My review of the low  weight gain and FTT accounts associated with "Babywise" revealed several  disturbing trends. Parents were often adamant about continuing with the  feeding schedule, even when advised otherwise by health care professionals.  They were hesitant to tell their physicians about the schedule, making it  difficult to pinpoint the cause for the weight gain problems. Many elected  to supplement or wean to formula rather than continue breastfeeding at the  expense of the schedule. The parents' commitment can be especially strong  when they are using the program for religious reasons, even though numerous  leaders within the same religious communities have publicly expressed concerns.

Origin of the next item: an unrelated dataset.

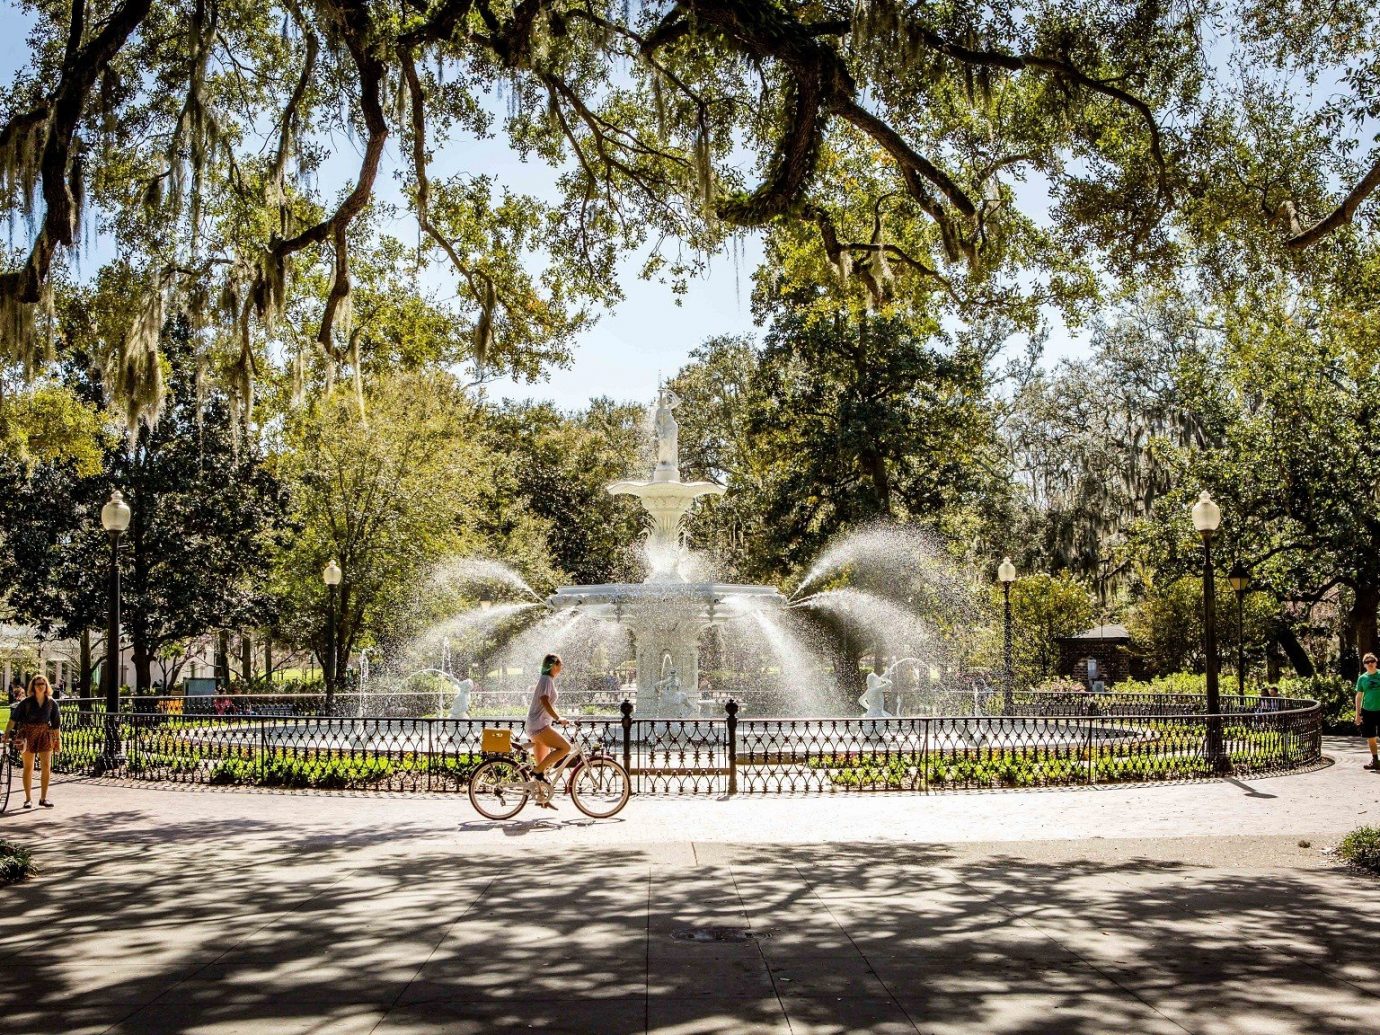 Fountain in a park at Savannah, GA

Pediatricians need to know about "Babywise" and recognize its potential  dangers. History taking should include questions to determine if parents are  using a feeding schedule, especially before advising formula supplement to  breastfeeding mothers or when faced with a low-gaining or possible failure  to thrive baby. Lactation consultants also should be instructed to probe  this area. Efforts should be made to inform parents of the AAP recommended policies for  breastfeeding and the potentially harmful consequences of not following  them.

Dr. Aney is an AAP candidate fellow based in Lancaster, Calif.